Cultural Trends, the journal that champions the need for better evidence-based analyses of the cultural sector, is delighted to provide a major opportunity for researchers to consider whether what Tony Blair described as a Golden Age, in a 2007 valedictory speech at the Tate, actually existed. Questions to be considered include:
*What did it achieve?
* What might the effects of the recession on the cultural sector be in terms of changes in audiences and audience profiles, the economics of the sector and its financial impacts?
*How might government policy, and the sector itself – whether in the UK, Europe and elsewhere – assess its legacy and learn the lessons that inform a post-recession economy?
A “Golden Age”? provides the occasion for cultural commentators, policy analysts and historians to brigade the evidence for cultural achievements since 1997 and consider the relationship between culture and recessions since the 1970s. While this might appear retrospective, we are also keen to look forward and bring together ideas for the longer term impacts of what we observe and to develop hypotheses about cultural policy and activity in the future.
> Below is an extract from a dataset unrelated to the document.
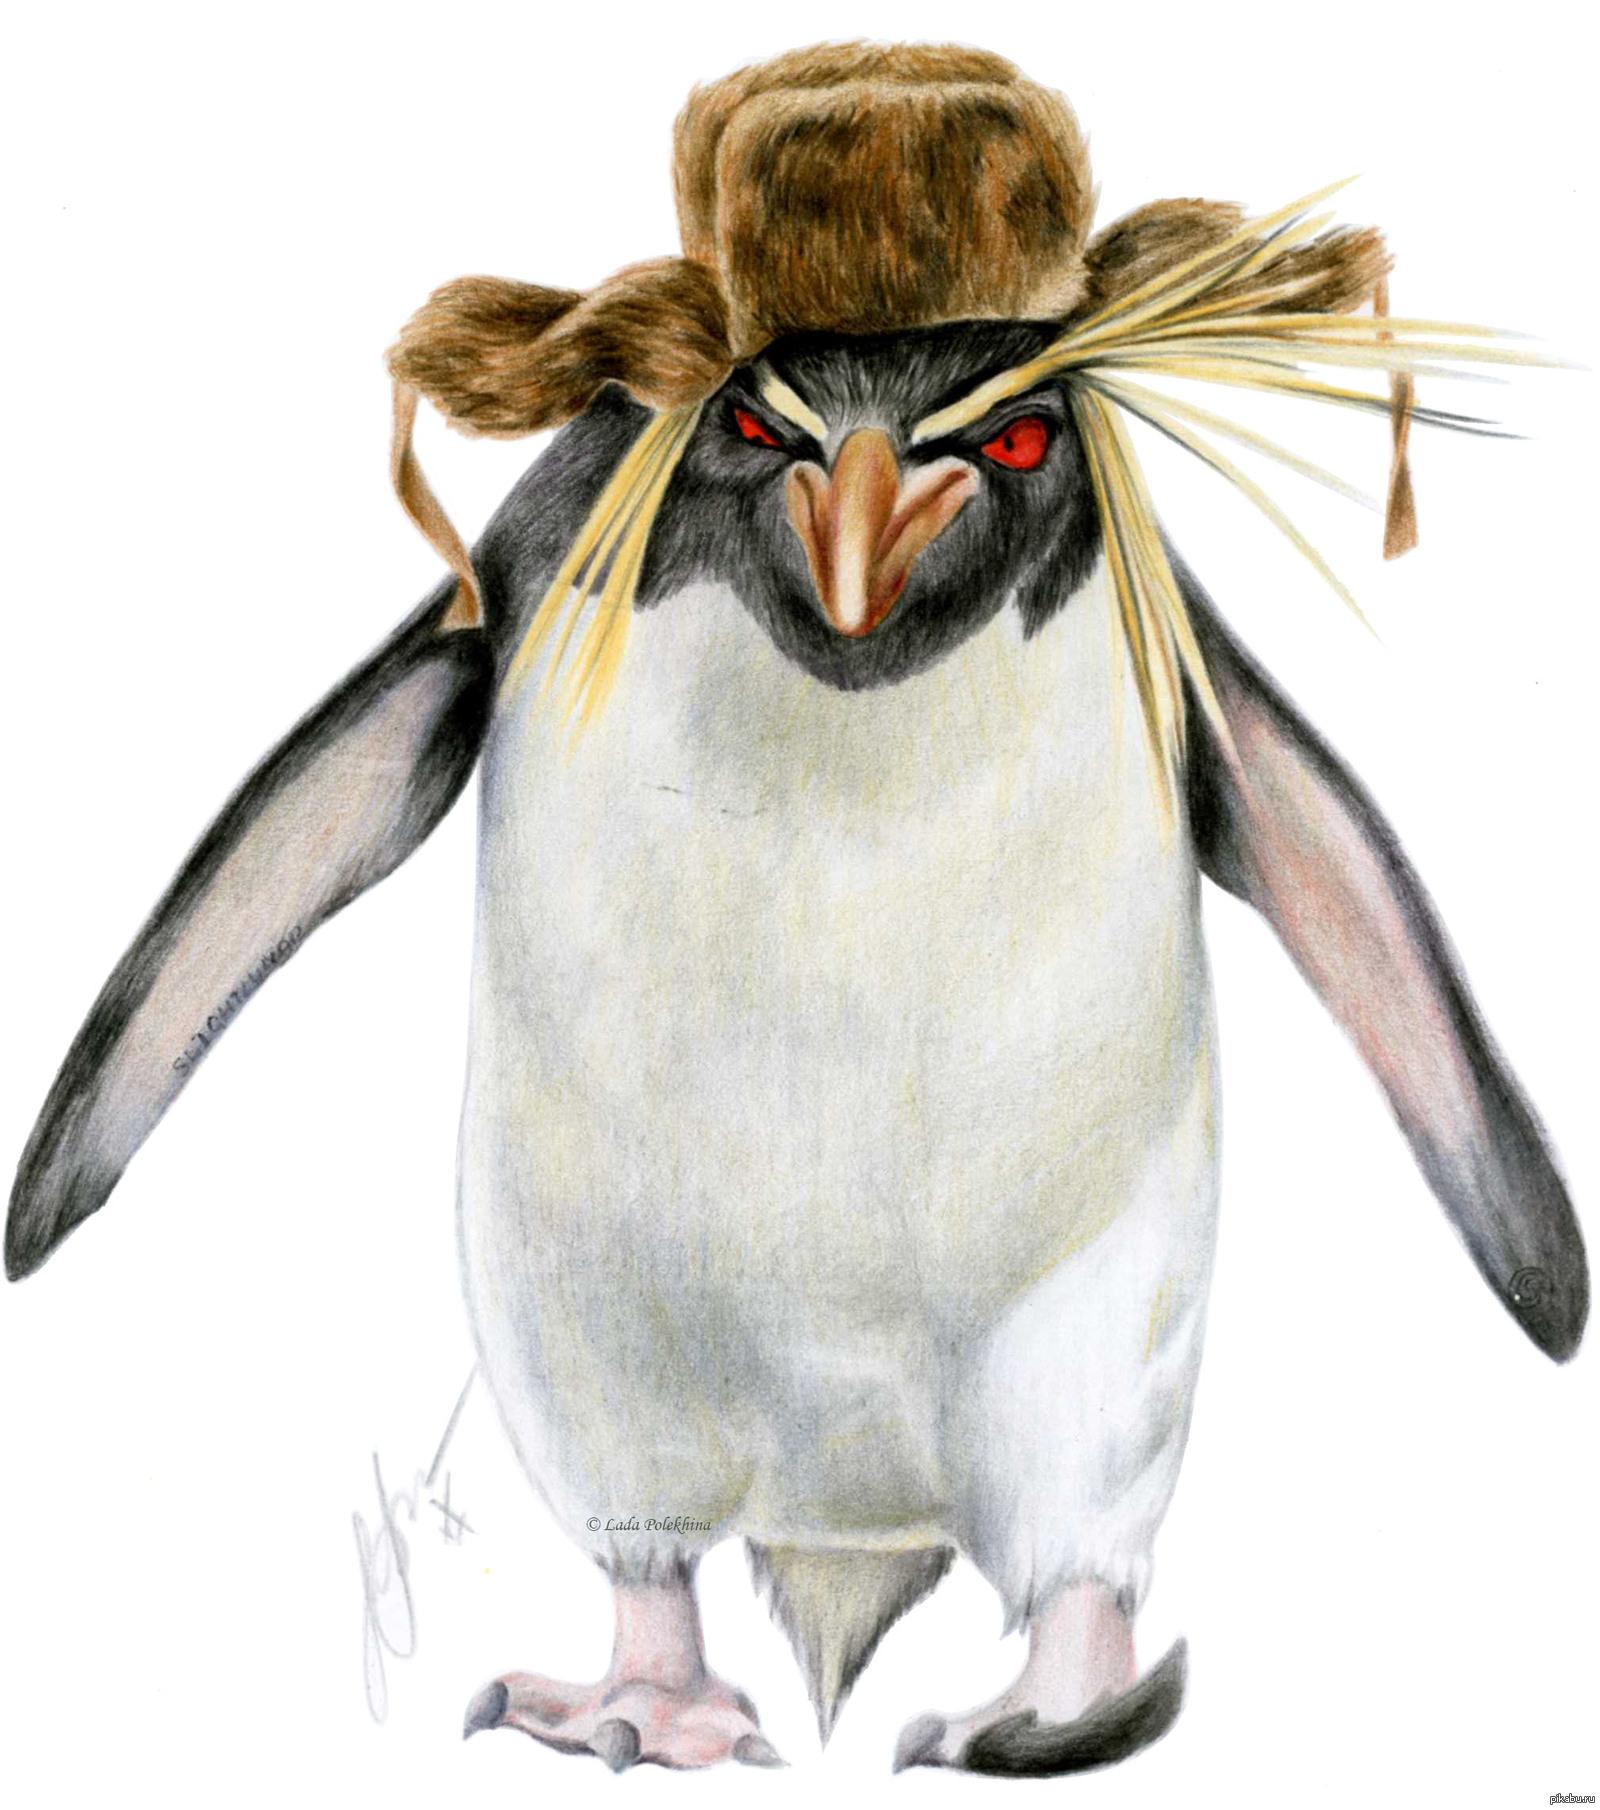 только смешные картинки пингвина рисунок претендую абсолютную истину

Well, state-supported looting of archaeological sites for collectables for entertainment and profit was instituted in 1997 with the pilot scheme of the PAS. Since then, the erosion of the archaeological record has got worse, and the wildness of the claims that this is in any way mitigated by the production of archaeological information and the "rescue" (sic) of evidence even more unbelieable. New Labour's "cultural policy" towards the buried archaeological heritage certainly seems to have been awfully wrong-headed. Let us see some proper debate on the erosive effects of the artefact hunting rather than the current "what a lot of luvverly trezures we've got hoiked out" idiocies we hear so much about instead.